Poland’s finance minister has hit back at French president Emmanuel Macron’s claim that central and eastern European governments treat the EU “like a supermarket”, in the latest sign of the fractious relationship between Warsaw and Paris, reports the Financial Times.
In an interview with several European newspapers last month, Mr Macron linked Britain’s vote to leave the EU with the arrival of large numbers of workers from eastern Europe, and warned against leaders “having a cynical approach to the EU that only served as dispensing credit without respecting its values”.
His words provoked a swift backlash with Poland’s prime minister Beata Szydlo accusing him of “hostility”, and at a long-anticipated congress of Poland’s ruling Law and Justice party in the small town of Przysucha in central Poland on Saturday, Mateusz Morawiecki continued the theme.

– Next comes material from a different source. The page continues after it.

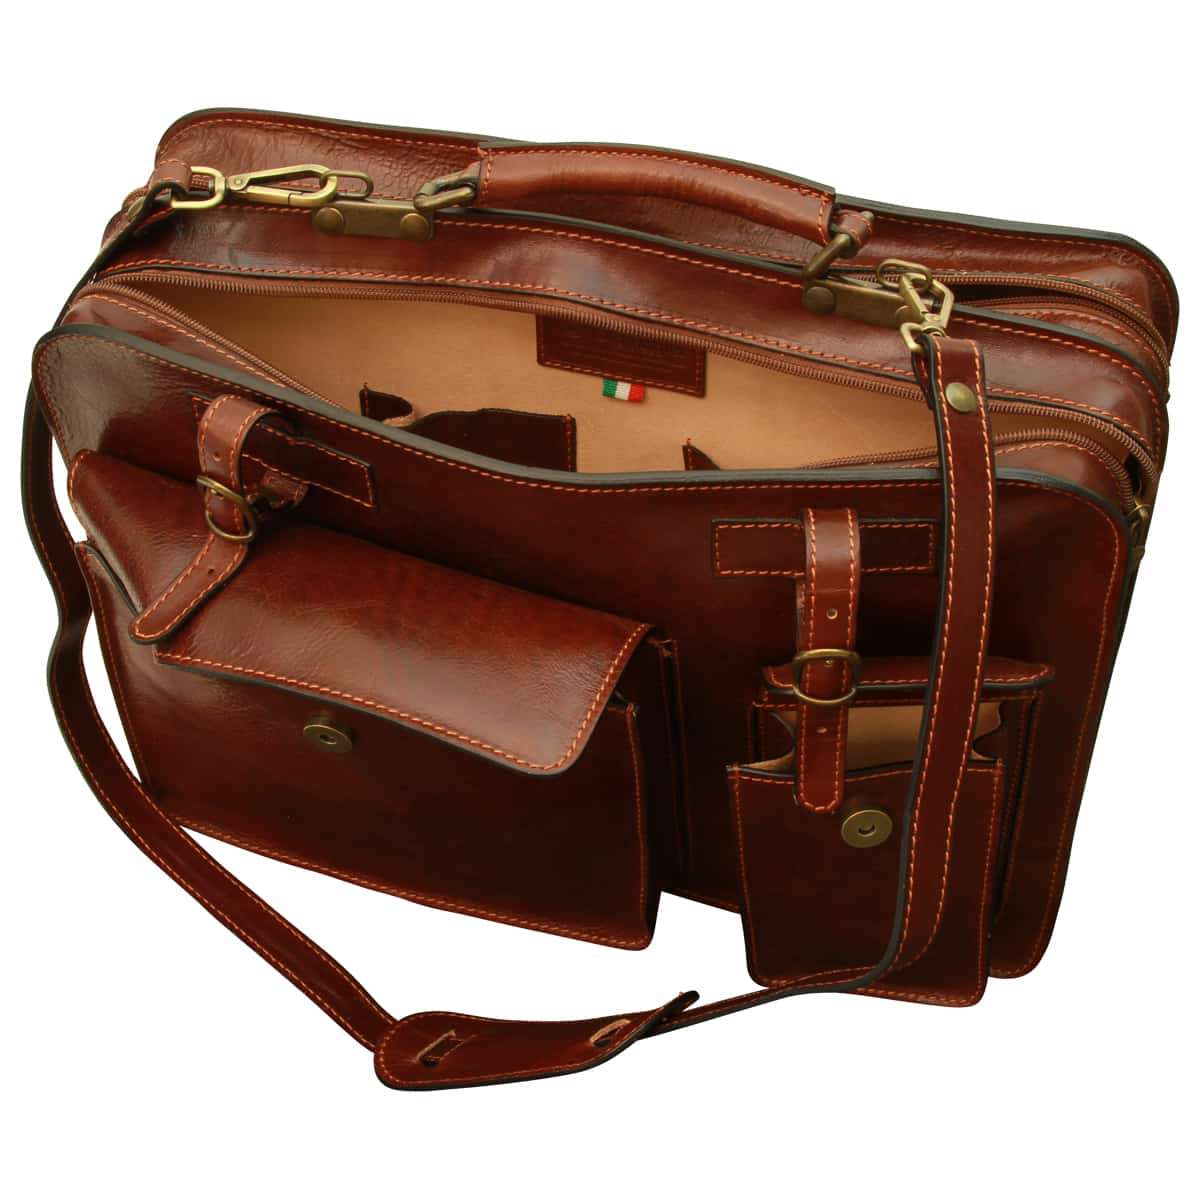 Leather Briefcase with belt straps - Brown | 006205MA UK | Old Angler Firenze

“When President Macron says that he doesn’t want the EU to be like a supermarket, then I agree in 100 per cent. I also wouldn’t want the French banks, French supermarkets to be able to carry out economic activities here without barriers, and for our drivers, our carriers, our builders and consulting and IT companies, to be subjected to these restrictions and additional duties,” he said.
“It’s true that there are many Polish drivers in the car parks of Paris or Amsterdam. But on the streets of Krakow, Koszalin or Suwałki, there are also many French supermarkets, Dutch banks or German media. We can willingly switch — but I don’t know if they would like to.”
EU governments are split along east-west lines on a number of issues, ranging from the relocation of refugees to the bloc’s rules governing the conditions under which workers can be “posted” from one member state to work temporarily in another.